Which classifier to choose in NLTK

I want to classify text messages into several categories, for example: “building relationships”, “coordination”, “information sharing”, “knowledge sharing” and “conflict resolution”. I use the NLTK library to process this data. I would like to know which classifier in nltk is better suited for this specific task of classifying several classes.

I plan to use the classification of naive bayes, is this desirable?

+6
source share
2 answers

Naive Bayes is the simplest and most clear classifier, and for this reason it is nice to use it. Solution Trees with a ray search to find a better classification are not much harder to understand, and usually a little better. MaxEnt and SVM tend to be more complex, and SVM requires some configuration in order to qualify.

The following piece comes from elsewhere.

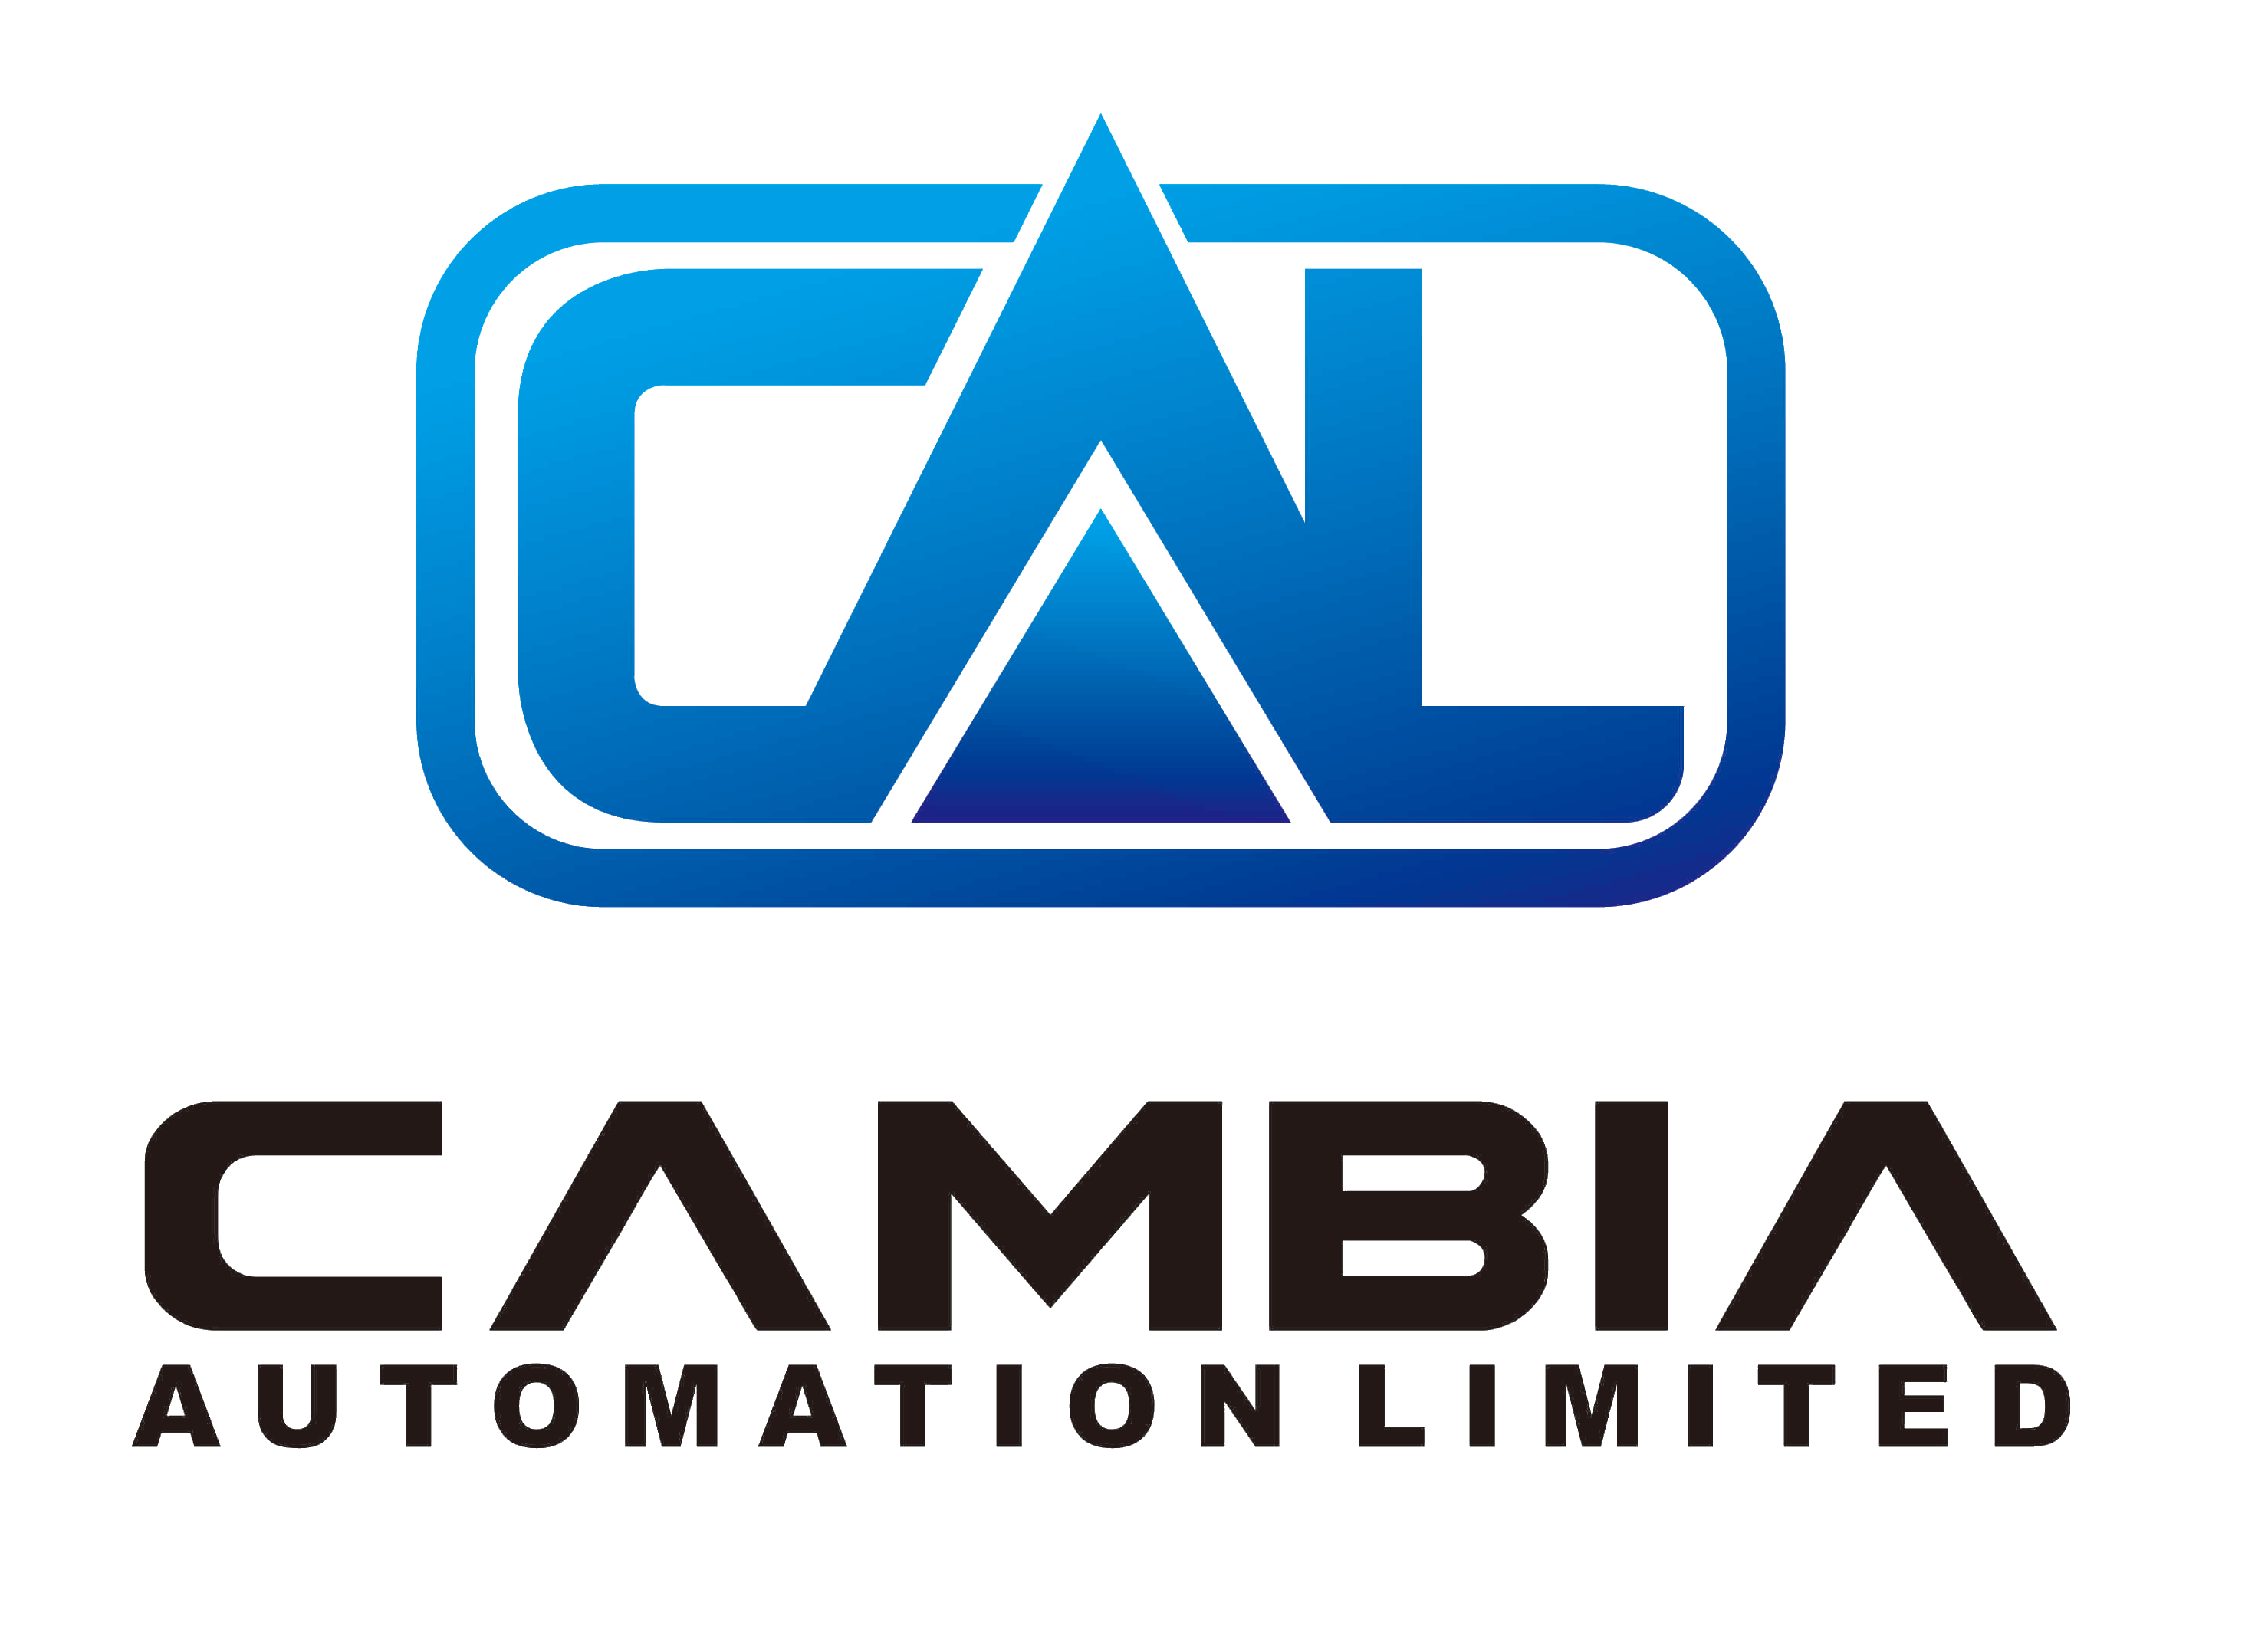 Cambia Automation Limited, Cambia Automation Limited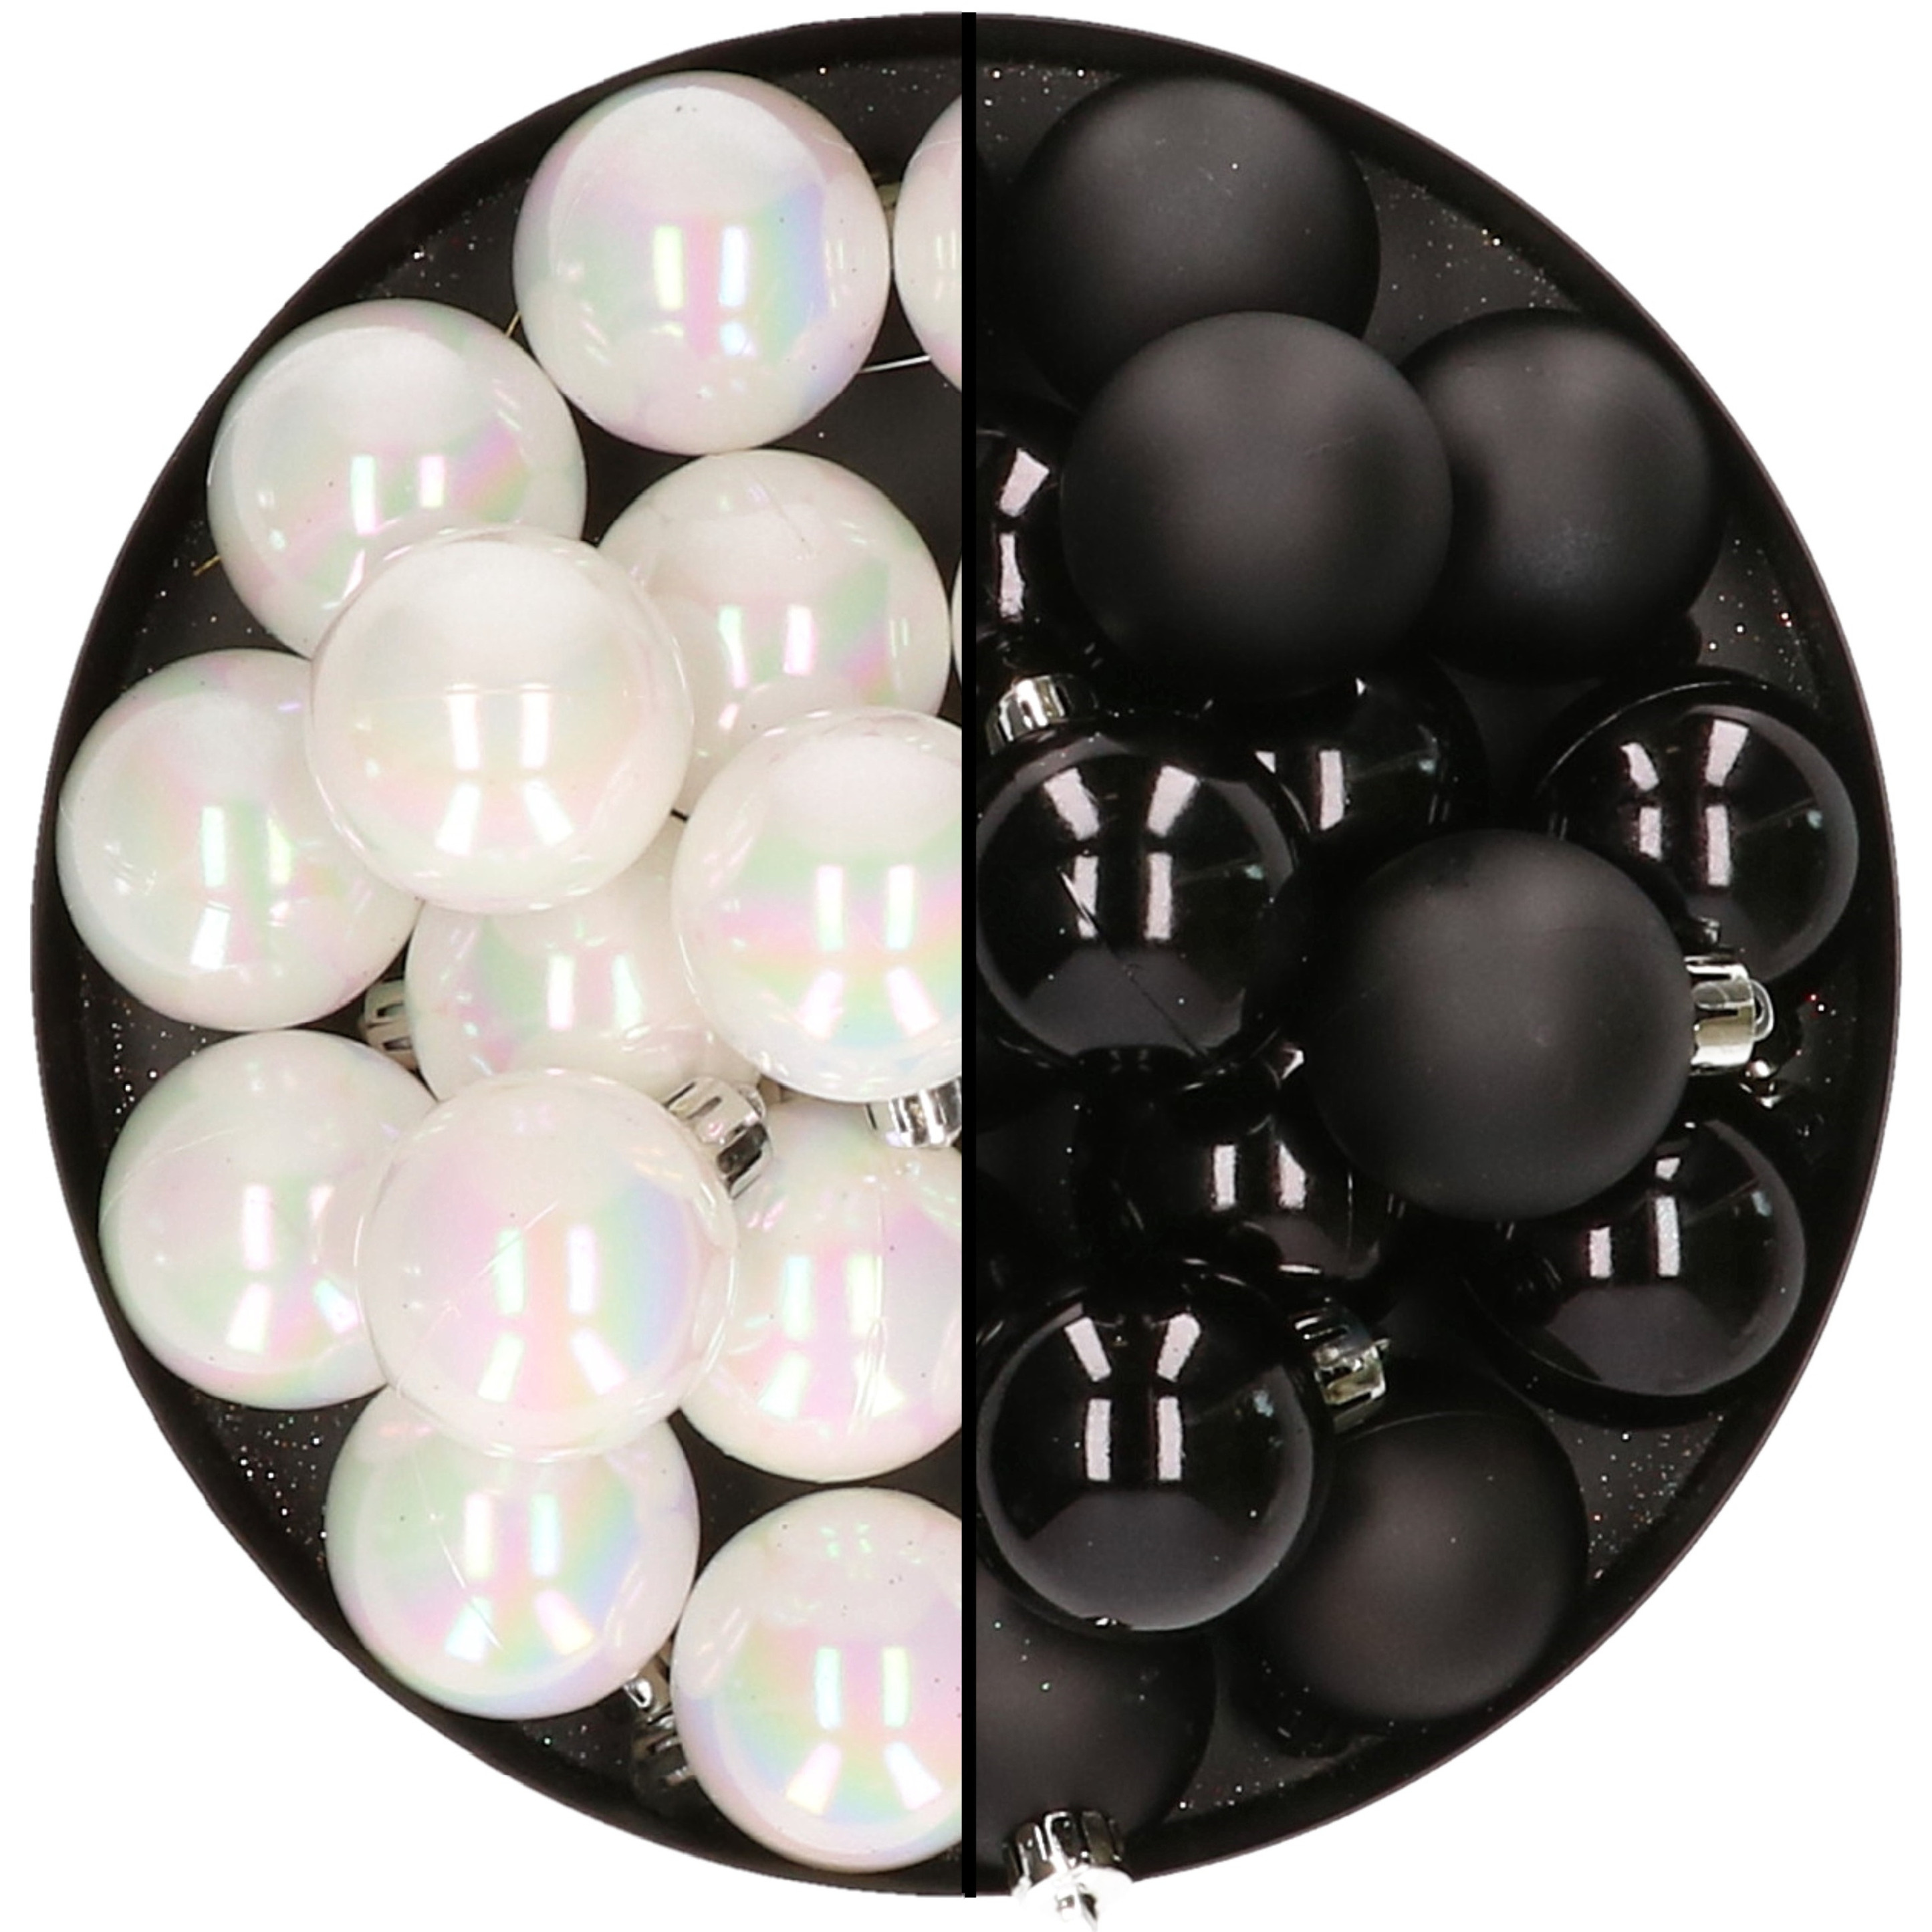 32x stuks kunststof kerstballen mix van parelmoer wit en zwart 4 cm

The most important is the choice of functions + the quantity / quality of the data that you provide!

With your problem, I would first focus on having a good set for training / testing, as well as choosing good features. Since you are asking this question, you did not have much experience in learning machines for NLP, so I would say that starting with Naive Bayes is easy because it does not use complex functions - you can simply label and count words.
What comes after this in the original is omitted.